Robert William Mylne, FRS FRSE FGS FRIBA (14 June 1817 – 2 July 1890) was an English architect, civil engineer and geologist.

==Life==

Mylne was born in Great Amwell, Hertfordshire, the son of William Chadwell Mylne (1781–1863) and grandson of Robert Mylne (1733–1811), both of whom were chief engineers of the New River Company. His mother was Mary Smith Coxhead (1791–1884).

Robert William himself also practiced as an architect and engineer. In 1836 he worked on designing new docks at Sunderland, and he traveled to Italy and Sicily in the early 1840s. He acted as his father's assistant for twenty years, becoming an authority on water supply. He was later appointed Engineer to the Limerick Water Company, and provided a fresh-water supply for one of the Spithead forts.

He wrote a number of books, primarily on the subject of the geology of London, as well as producing several geological maps of the area. His 1856 "Map of the Geology and Contours of London and its Environs", produced at a scale of 4 miles to 1 inch, was the first comprehensive geological map of London. In 1859 he was one of a party of eminent scientists, including Joseph Prestwich, Sir John Evans, Hugh Falconer, Godwin-Austen and John W. Flower, who investigated the discovery of ancient human remains in the Somme valley, establishing the antiquity of man.

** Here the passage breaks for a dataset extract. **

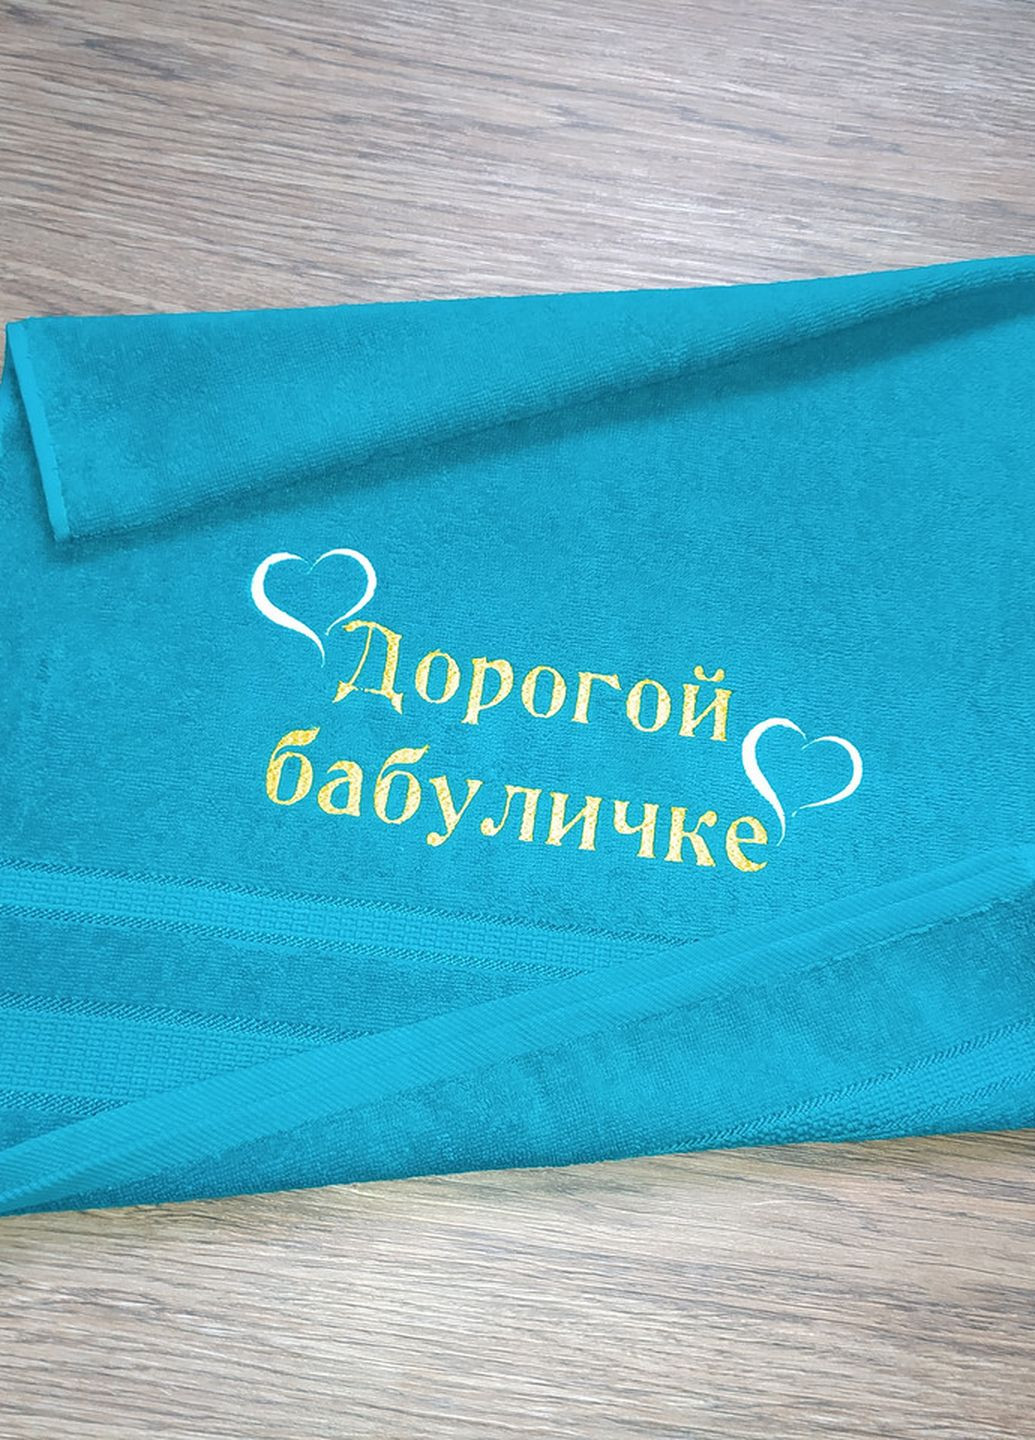 No Brand полотенце с вышивкой махровое лицевое 50*90 бирюзовый бабушке 00101 однотонный бирюзовый производство - Украина

He was an associate of the Institute of British Architects from 1839, and a member of the Geological Society from 1848 and of the Smeatonian Society of Civil Engineers. In 1860, he was elected a Fellow of the Royal Society. His candidature citation read:

The author of a work 'On the London Strata,' and three Geological and Topographical and Statistical Maps of London and its Environs, 1856; of a paper 'On the ancient Basilicae of Rome,' 'On the Supply from Artesian Wells in the London Basin,' 1840. Attached to science, and anxious to promote its progress.

In 1884, he was elected a Fellow of the Royal Society of Edinburgh. His proposers were George Seton, Lord Kelvin, William Rutherford and Peter Guthrie Tait.

He died at Home Lodge in Great Amwell in 1890. He is buried in the Mylne family vault at St John the Baptist Church in Amwell, designed by his ancestor Robert Mylne.

==Family==

In 1852 he married Hannah Scott (1826–1885), the daughter of George Scott.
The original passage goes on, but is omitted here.